REQUIRED ACTION: Locate "Toyota Camry, iPhone" in the listing. Transcribe the line that contains it and every line that follows, through the last, omitting all pictures.

INFORMATION PROVIDED:

───

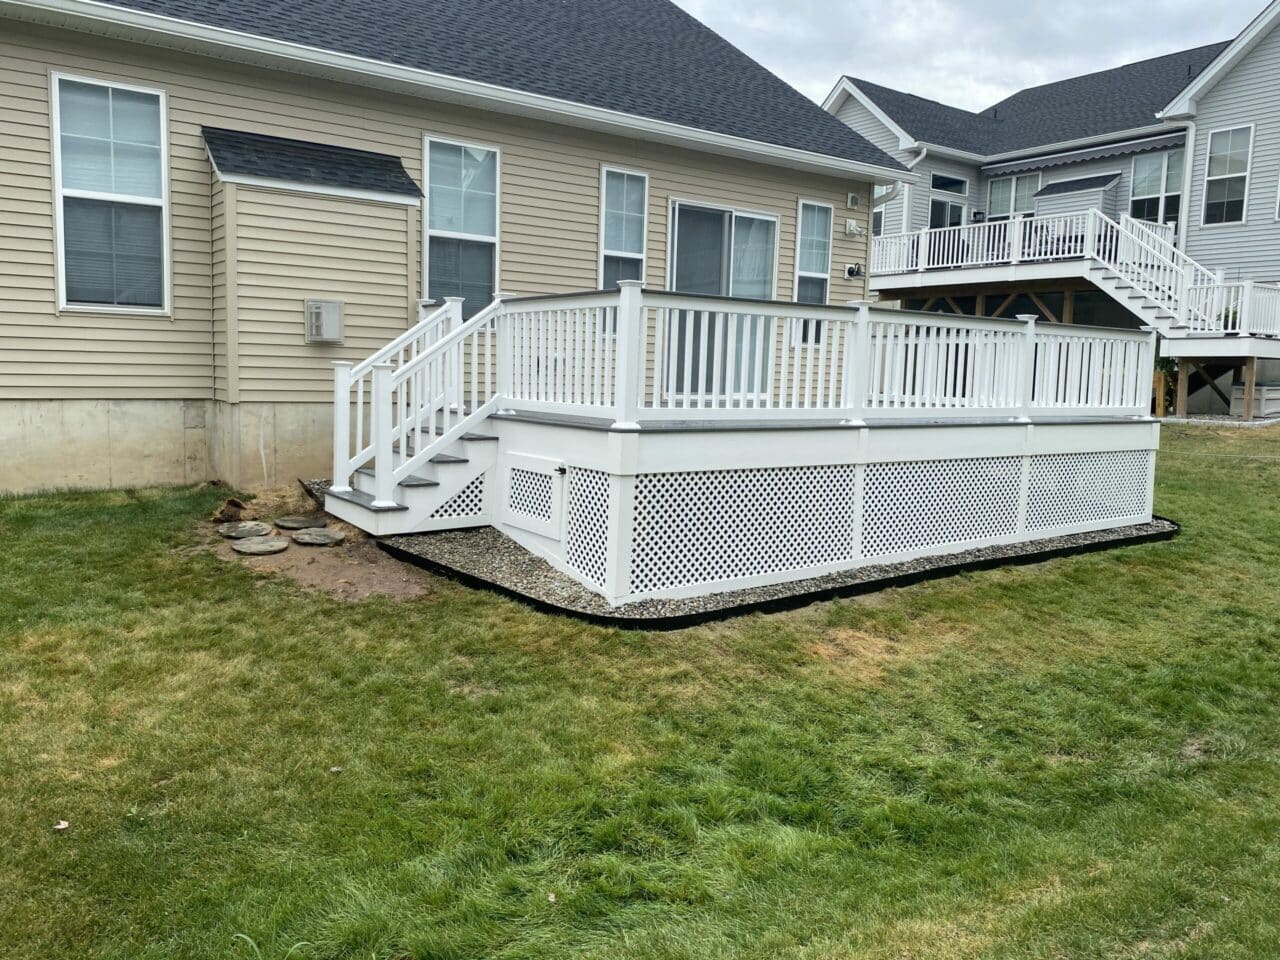 Photo of composite deck with white railing and white lattice work
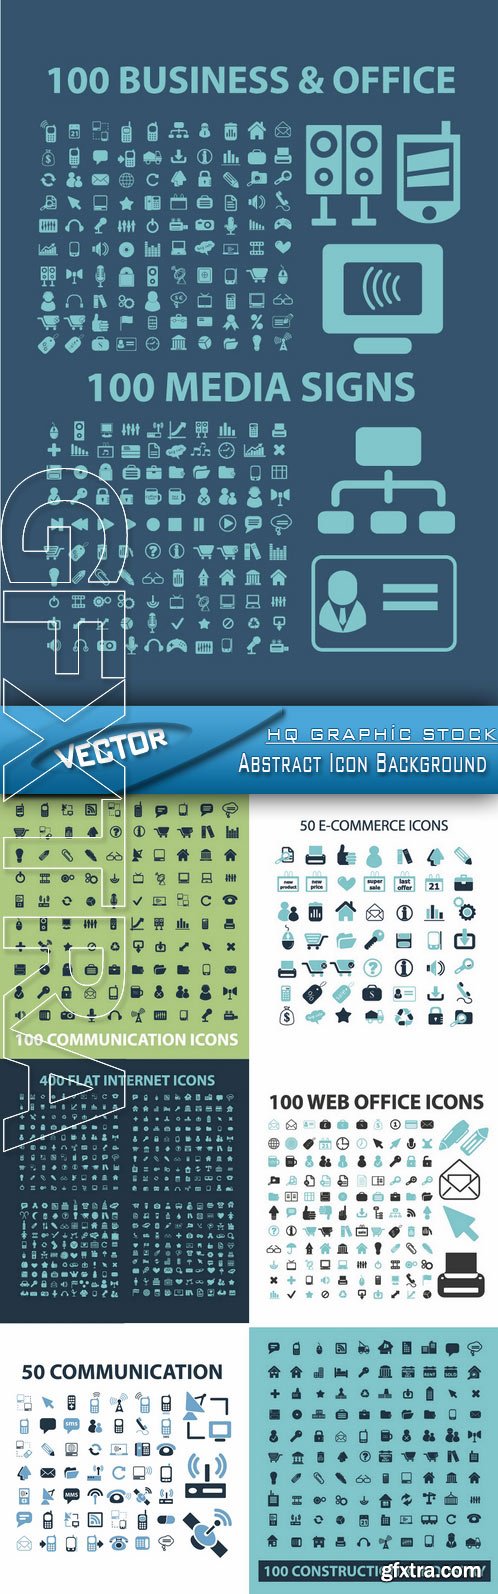 Stock Vector - Abstract Icon Background
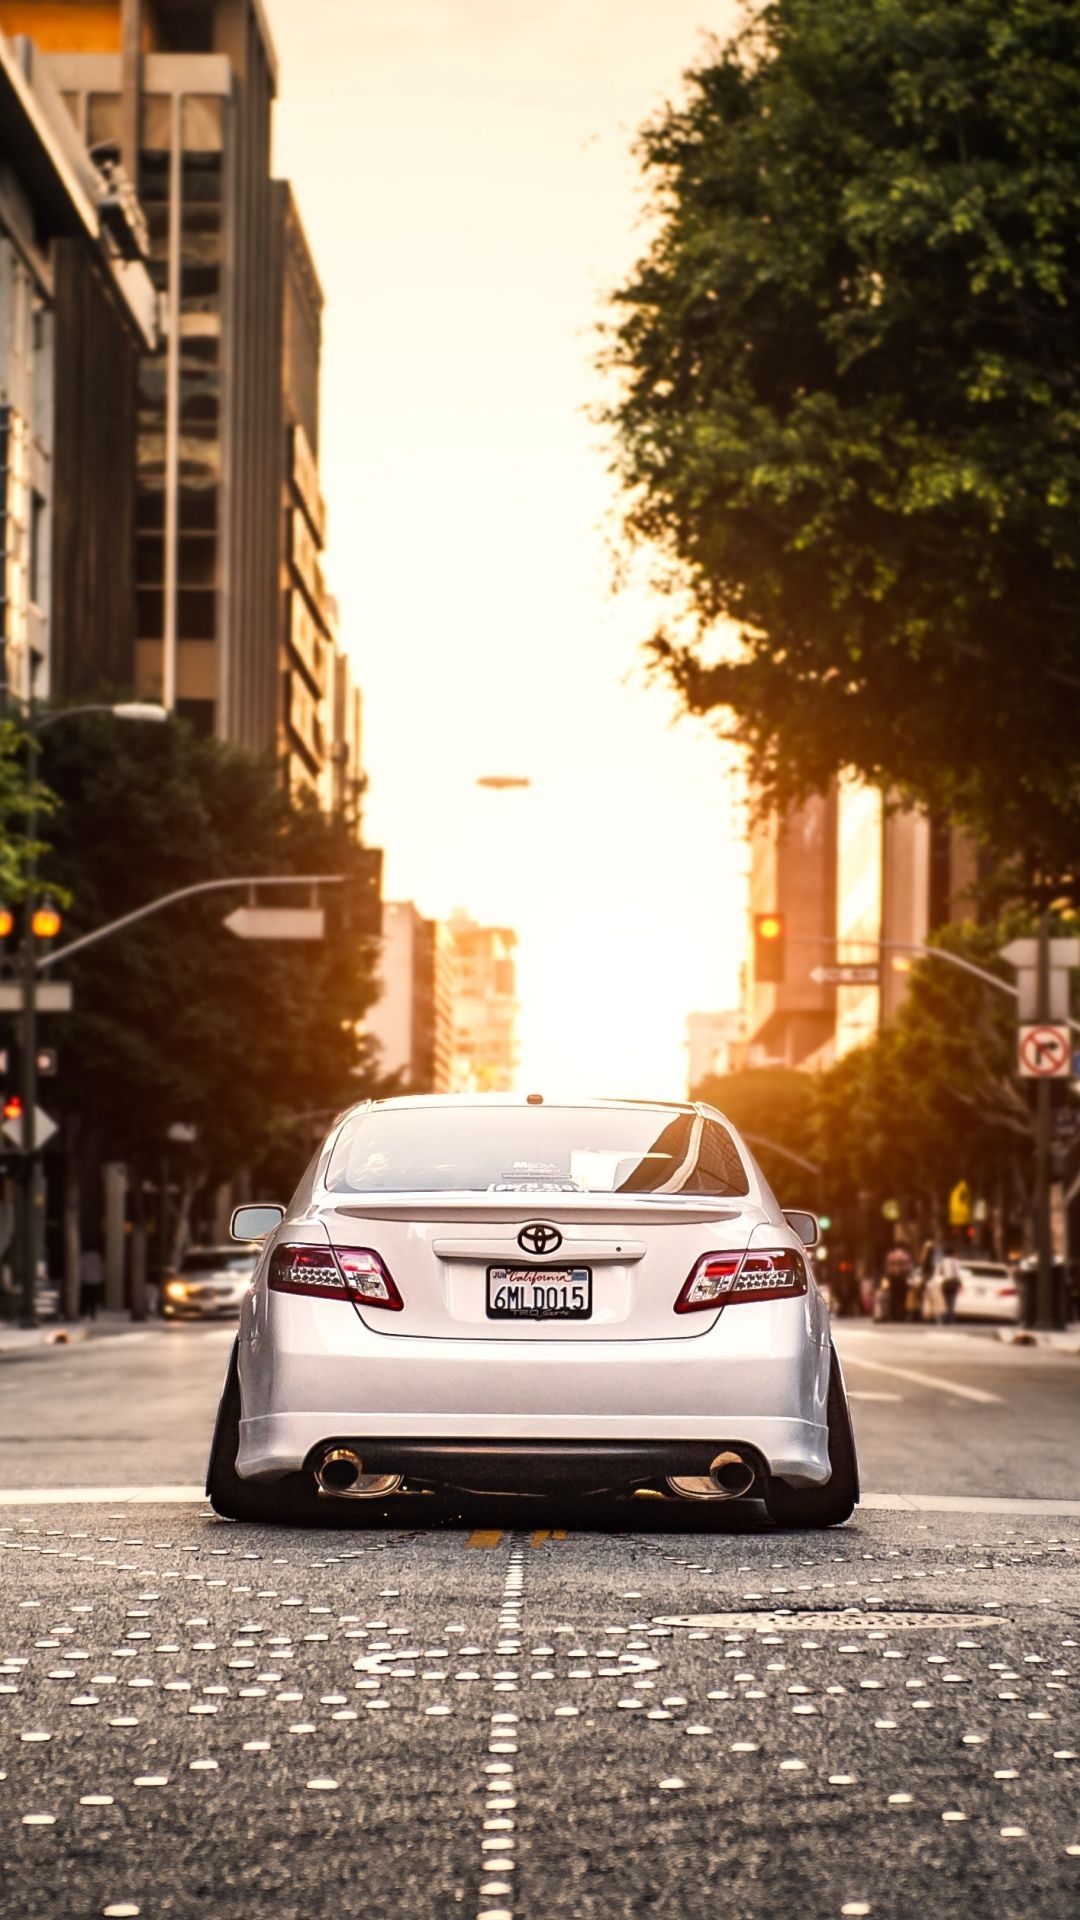 Toyota Camry, iPhone wallpapers, Top sellers, Backgrounds and images, 1080x1920 Full HD Phone
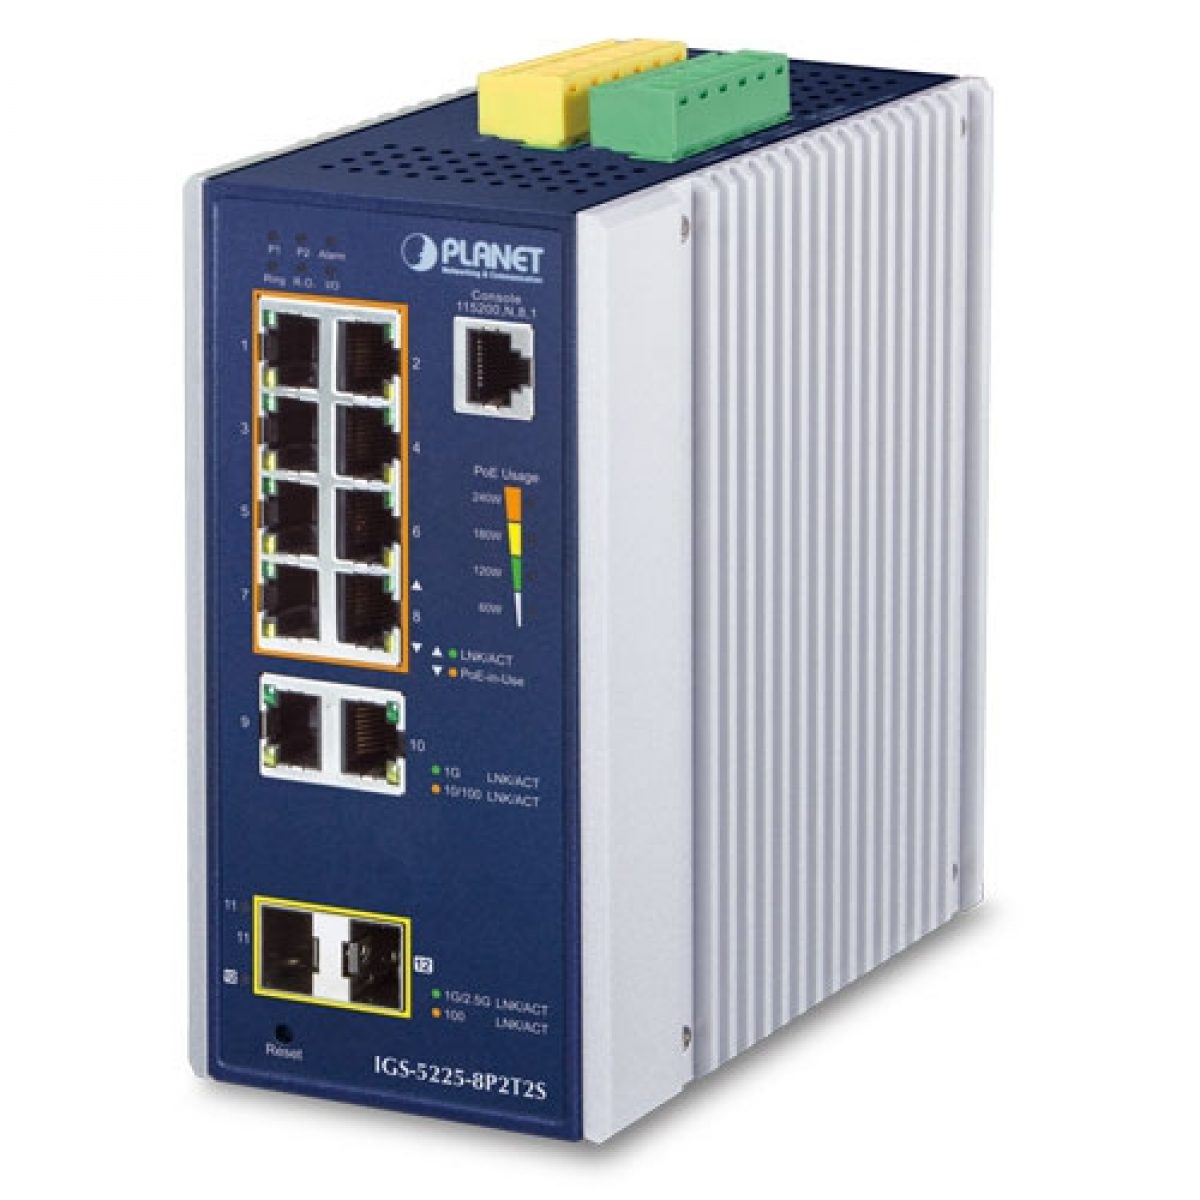 IGS-5225-8P2T2S Industrial L2+ 8-Port 10/100/1000T 802.3at PoE + 2-Port  10/100/100T +2-Port 100/1G/2.5G SFP Managed Ethernet Switch

───

WORKED SOLUTION:
 Toyota Camry, iPhone wallpapers, Top sellers, Backgrounds and images, 1080x1920 Full HD Phone
 IGS-5225-8P2T2S Industrial L2+ 8-Port 10/100/1000T 802.3at PoE + 2-Port  10/100/100T +2-Port 100/1G/2.5G SFP Managed Ethernet Switch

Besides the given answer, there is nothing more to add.